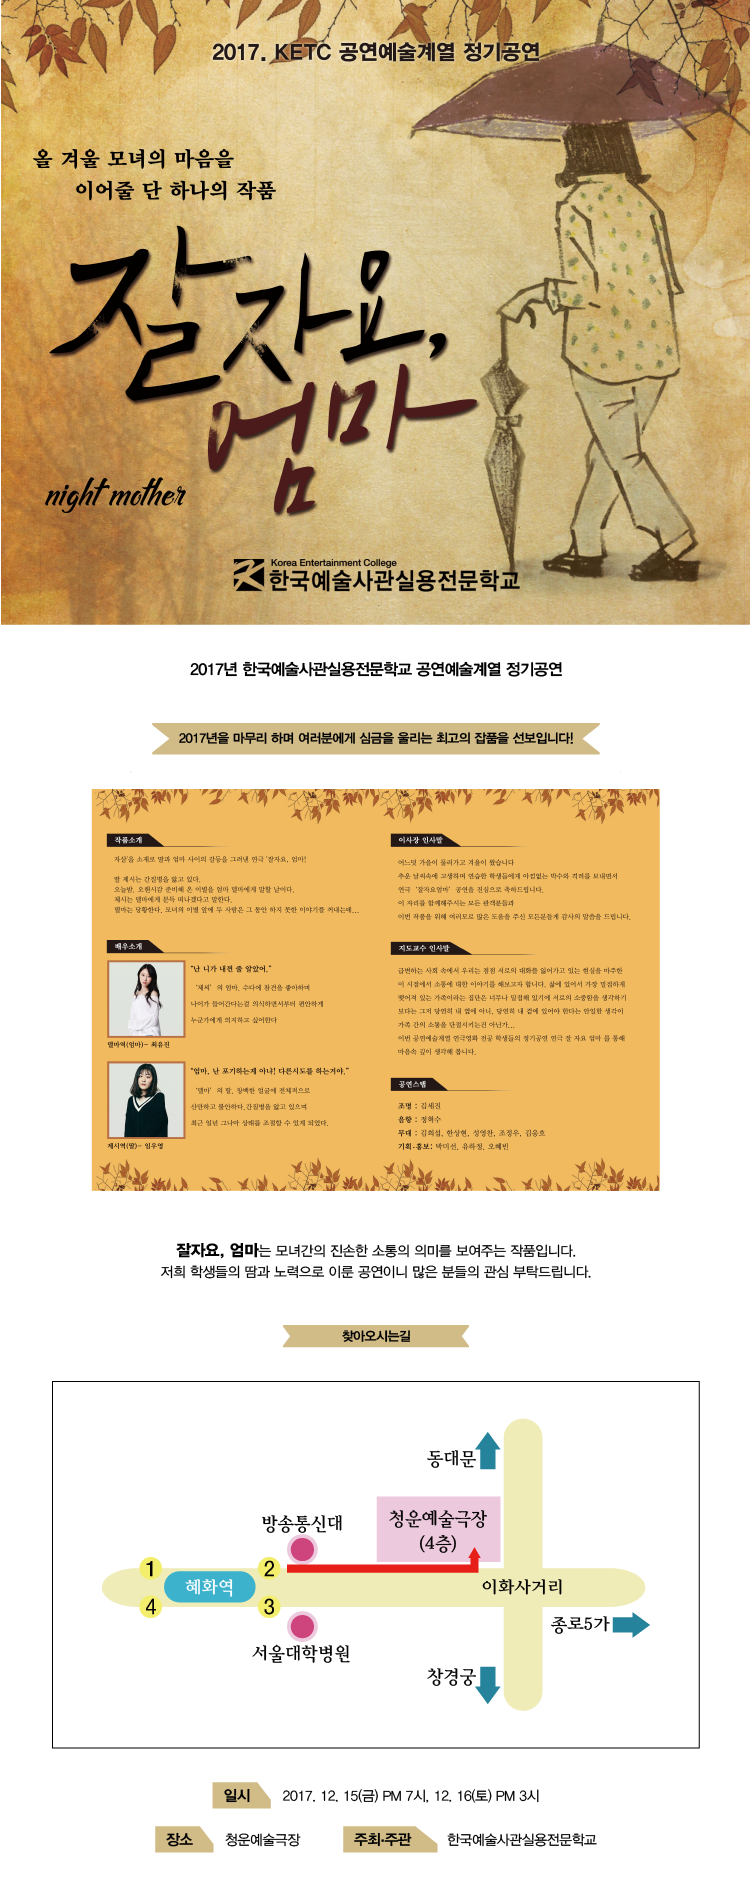 KETC 2017 공연예술계열 정기공연 '잘자요, 엄마'
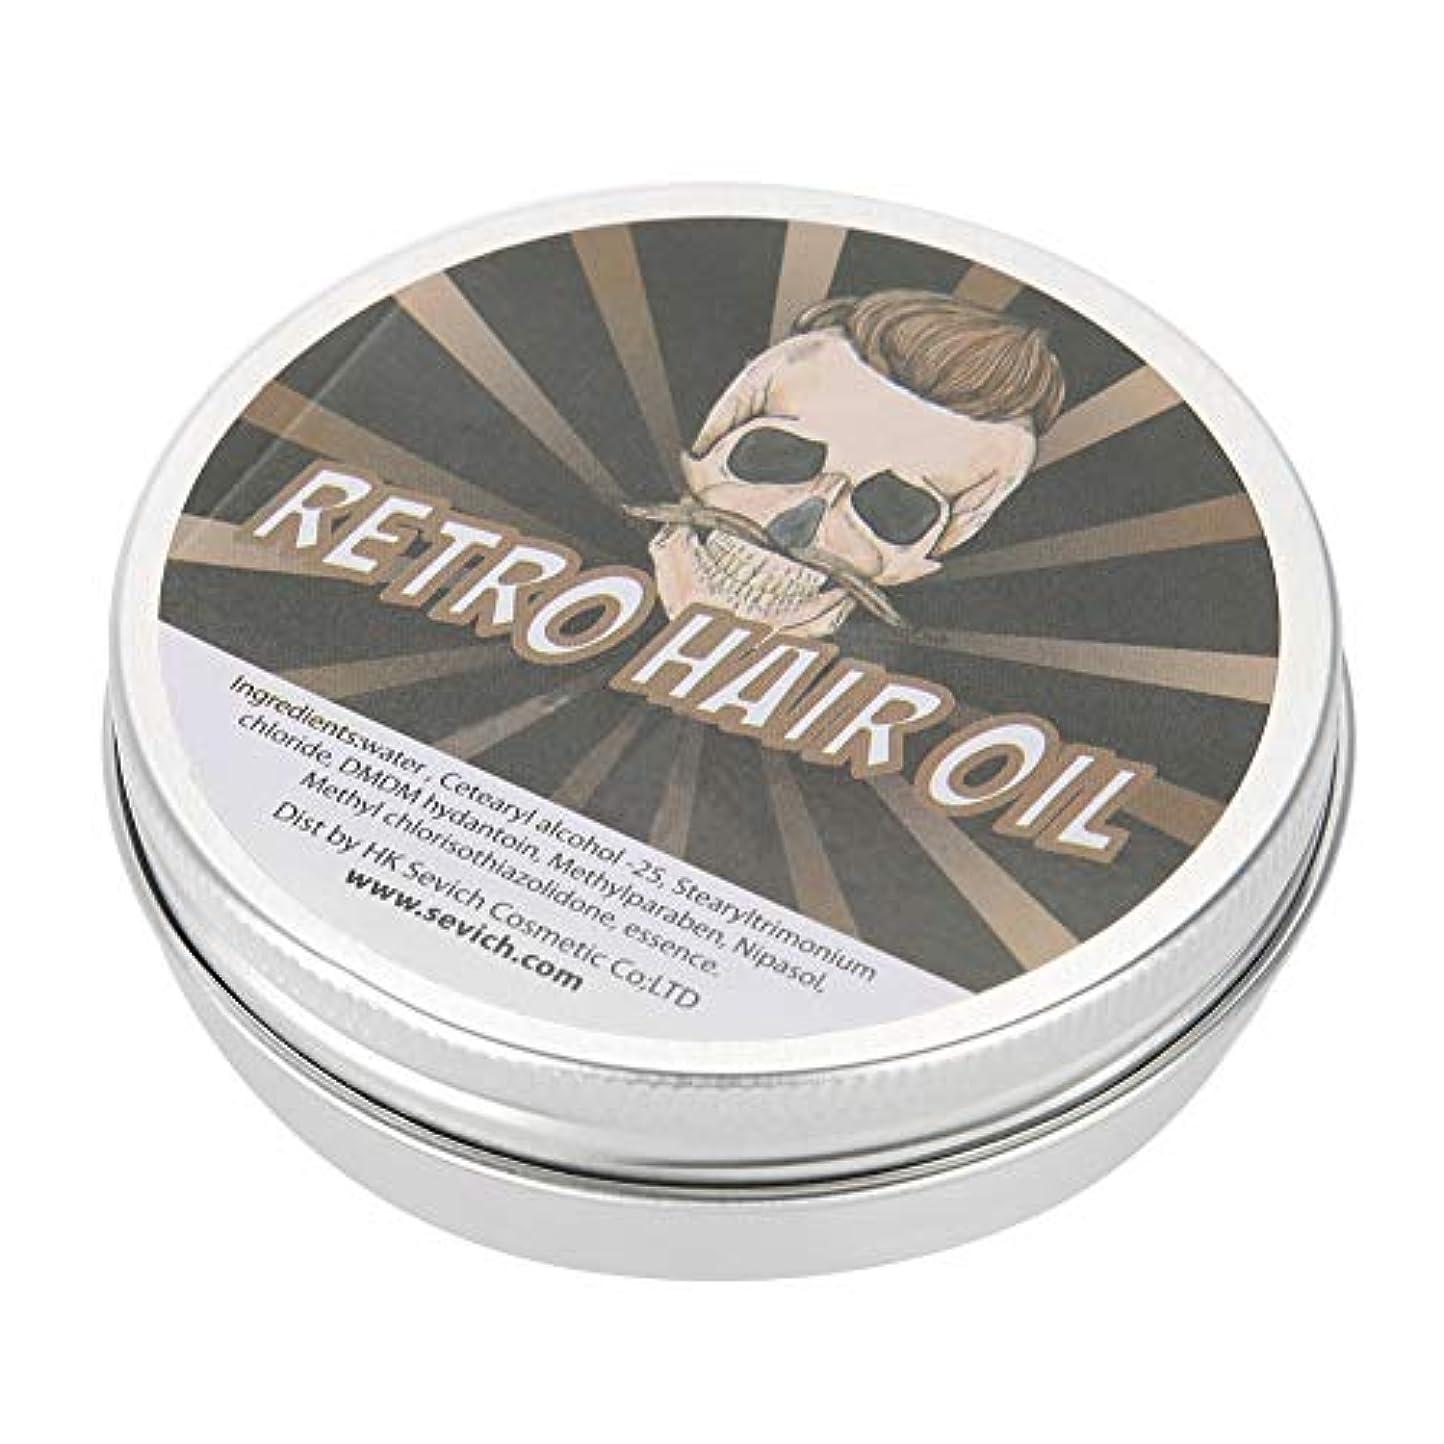 キャンセル荷物微生物ヘアワックス パーフェクトロング 永続的なヘアワックス 水ベースのヘアスタイリング ポマードヘアモデリングワックス
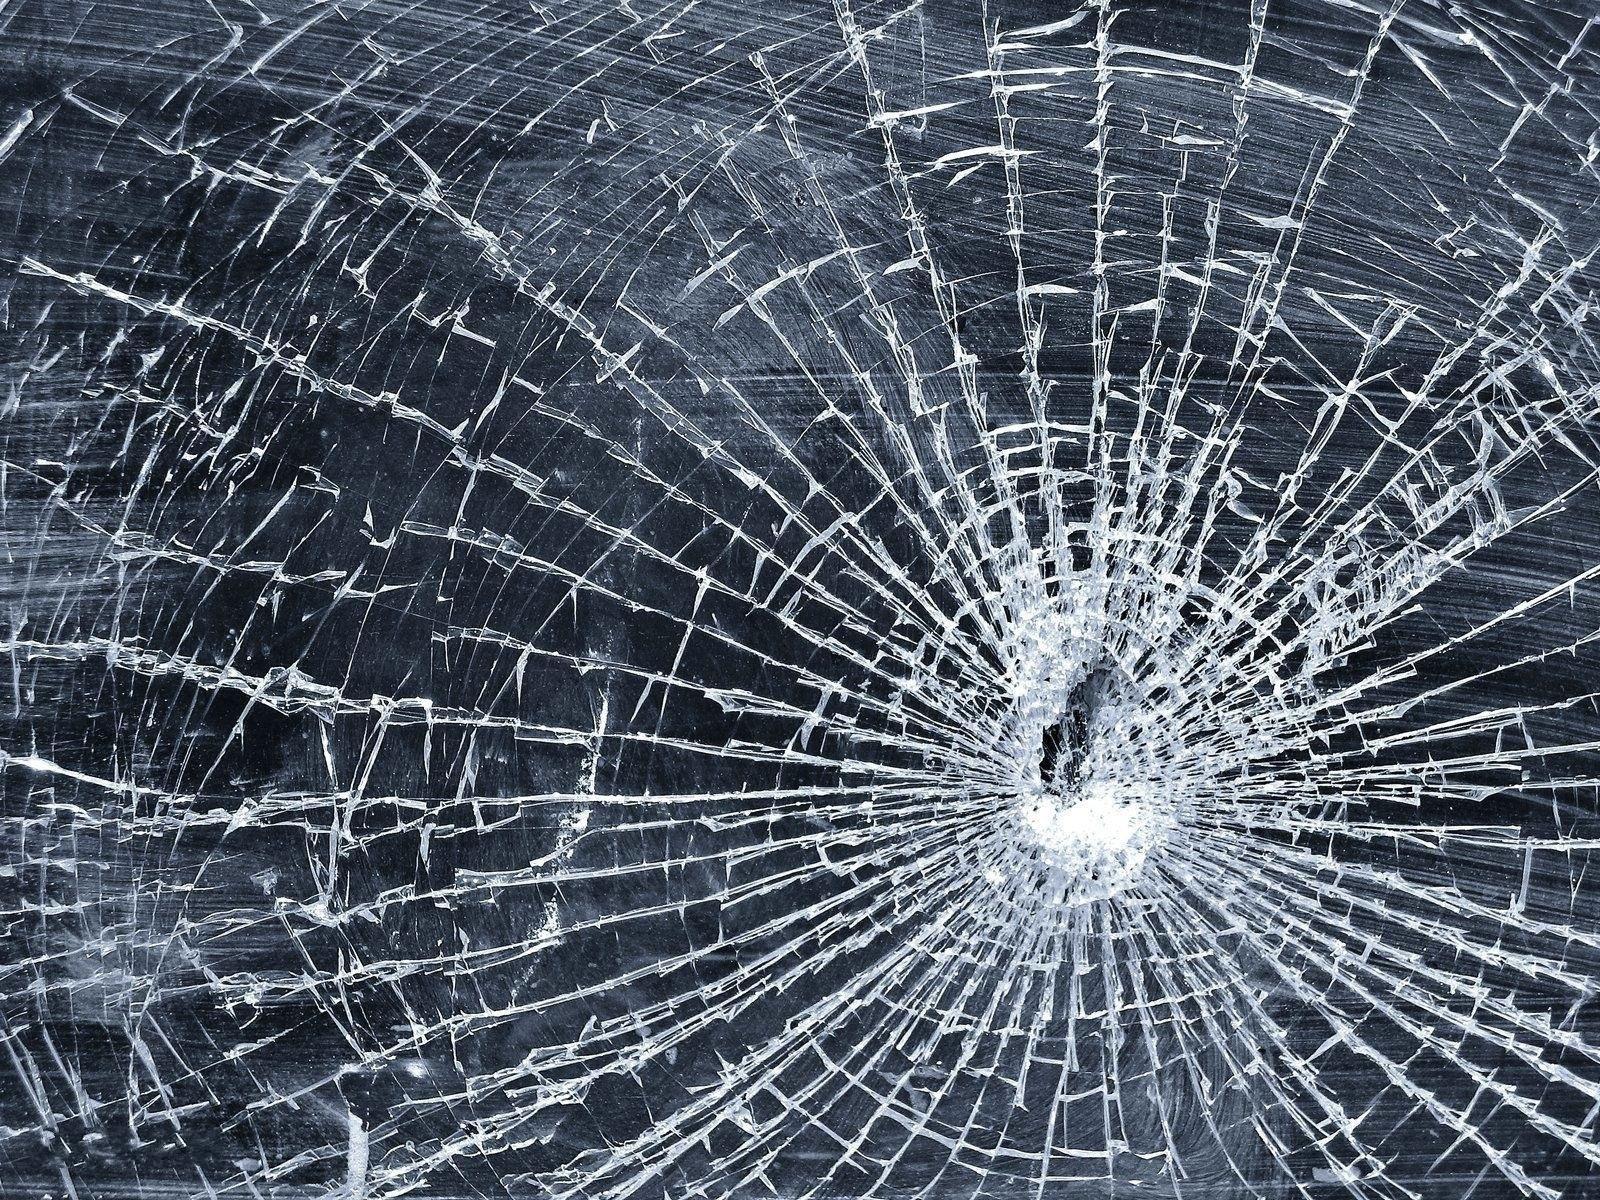 hd-wallpapers-cracked-screen-wallpaper-download-broken-glass-arena

★ ★ ★

Your task - Set down the data above exactly as written. Omit the pictures.

Output of the exercise -
 KETC 2017 공연예술계열 정기공연 '잘자요, 엄마'
 キャンセル荷物微生物ヘアワックス パーフェクトロング 永続的なヘアワックス 水ベースのヘアスタイリング ポマードヘアモデリングワックス
 hd-wallpapers-cracked-screen-wallpaper-download-broken-glass-arena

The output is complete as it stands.